マウス多能性幹細胞の分化における筋形成型オリゴ DNA の作用
石岡美奈.
信州大学 農学部 農学生命科学科 動物資源生命科学コース.
Abstract
【目的】当研究室で同定された筋形成型オリゴ DNA: myoDN は骨格筋芽細胞の分化を促進するが、ES 細胞や iPS 細胞などの多能性幹細胞の分化における作用は不明である。多能性幹細胞は様々な体細胞へと分化するが、myoDN によって骨格筋への分化を特異的に誘導できるのではないかと考え、マウス ES/iPS 細胞における myoDN の効果を検討した。
【方法】未分化マーカー Nanog の遺伝子座に GFP をノックインしたマウス iPS 細胞株 20D17、心筋マーカー Nkx2-5 の遺伝子座に GFP をノックインしたマウス ES 細胞株 hCGp7 を、3 cm ディッシュまたは96穴プレートに播種し、分化誘導した。未分化状態または分化誘導3-7日目の細胞に 10 uM の myoDN を投与後、細胞を24時間毎に顕微鏡で観察した。また、細胞から RNA を回収し、リアルタイム PCR で遺伝子発現を定量した。
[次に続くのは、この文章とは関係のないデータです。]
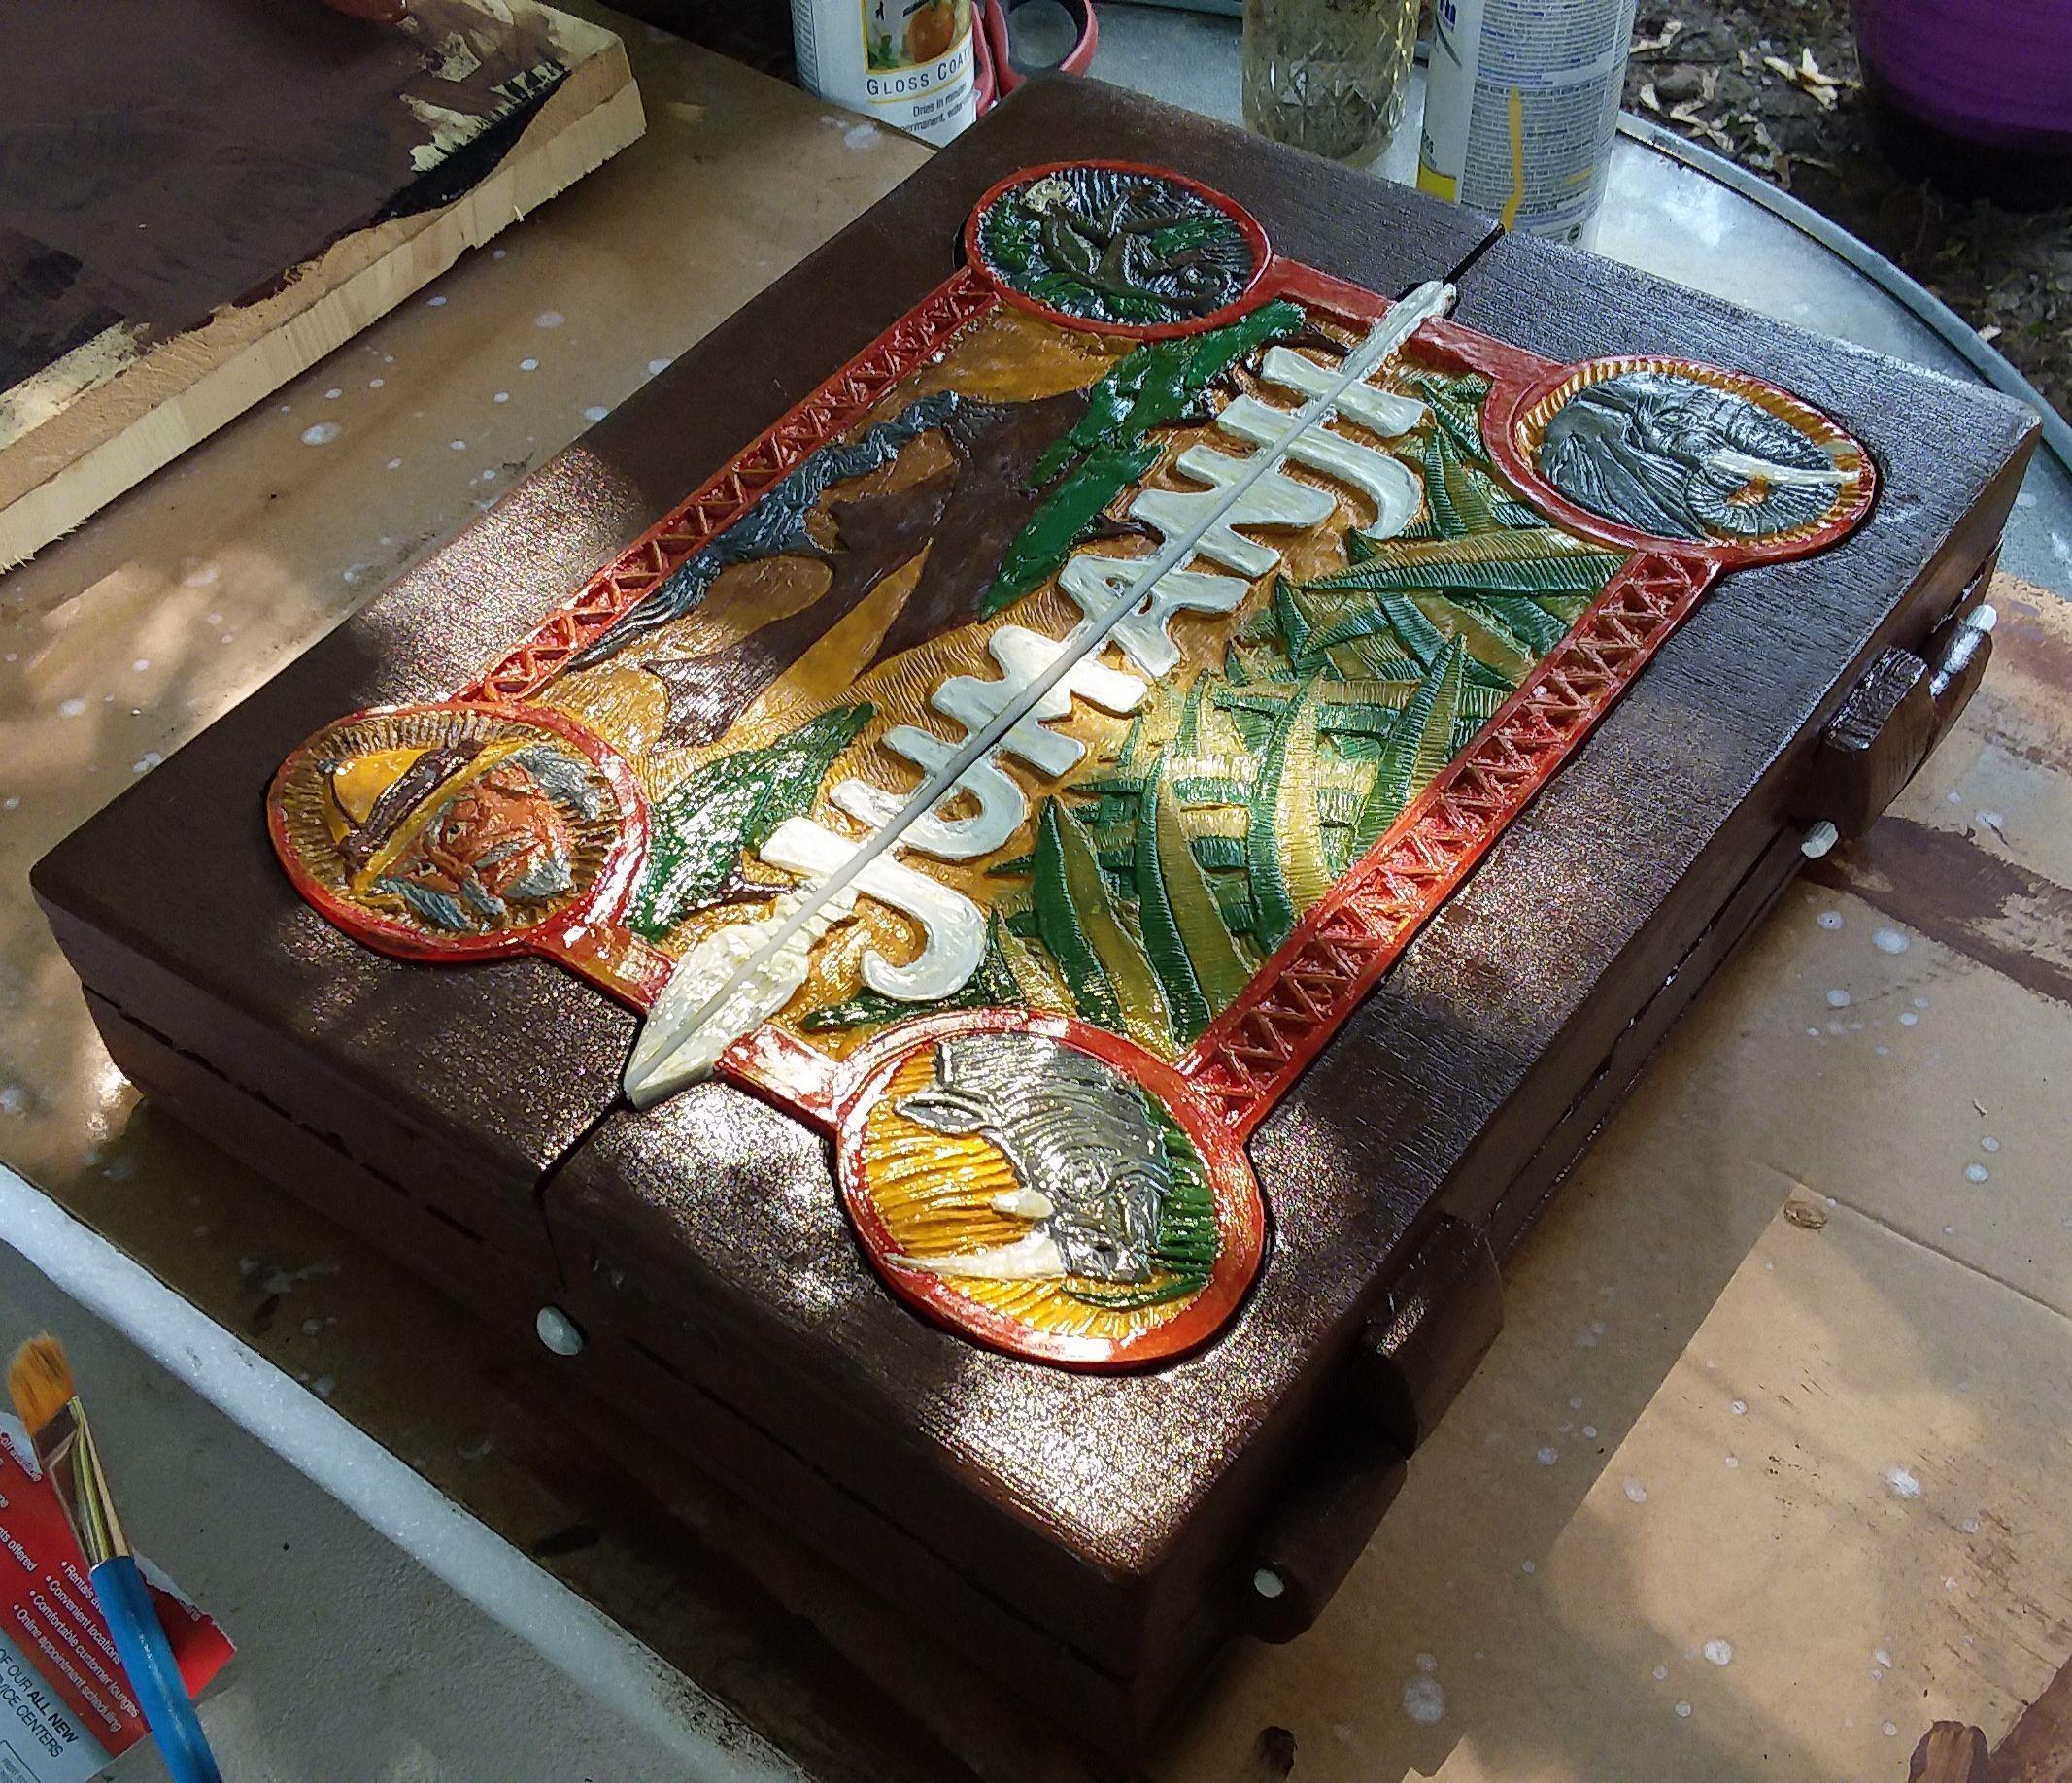 jumanji jumanjiboardgame jumanjireplica Jumanji board

【結果】未分化な 20D17 細胞に myoDN を投与し、24および48時間後に Nanog-GFP 陽性のコロニー面積を定量した結果、対照群と比較して myoDN 投与群のコロニーは有意に小さかった。一方、未分化マーカー Klf4, Nanog, Pou5f1, Sox2 の発現量は対照群と myoDN 投与群で差はなく、myoDN は未分化な iPS 細胞の増殖を抑制するが分化は促進しないことが示された。
分化誘導5日目の 20D17 細胞に myoDN を投与すると、9-10日目には、骨格筋とは異なり自発的に拍動するコロニーが多数出現した。hCGp7 細胞を同様の方法で分化誘導した結果、myoDN 投与で出現する拍動コロニーは Nkx2-5-GFP 陽性の心筋細胞からなることがわかった。このことから、myoDN は ES/iPS 細胞の心筋分化を促進することが明らかになった。
次に、myoDN の投与時期を変えて分化誘導を行った。6または7日目から myoDN を投与しても心筋分化は亢進されなかったが、4または5日目から myoDN を投与した群では心筋分化が促進された。myoDN を分化誘導3日目から投与すると、対照群と比較して心筋への分化はむしろ抑制された。
【考察】myoDN が多能性幹細胞の骨格筋分化を誘導するという仮説とは異なり、myoDN はマウス ES/iPS 細胞の心筋分化に影響することがわかった。これは、多能性幹細胞の分化過程において、心筋系統が骨格筋よりも早期に出現するためだと推測される。myoDN は、マウス ES 細胞において分化誘導4-5日目に形成される心筋前駆細胞に作用し、心筋への分化を誘導したと考えられる。反対に、分化誘導3日目の ES 細胞に myoDN を投与すると心筋分化が抑制された。中胚葉形成の段階にある分化3日目においては、myoDN は心原性中胚葉への分化を阻害すると考えられる。多能性幹細胞の分化段階によって myoDN の効果が変化する現象は非常に興味深い。今後、遺伝子発現の網羅的解析などにより、myoDN の作用メカニズムや標的を明らかにしていきたい。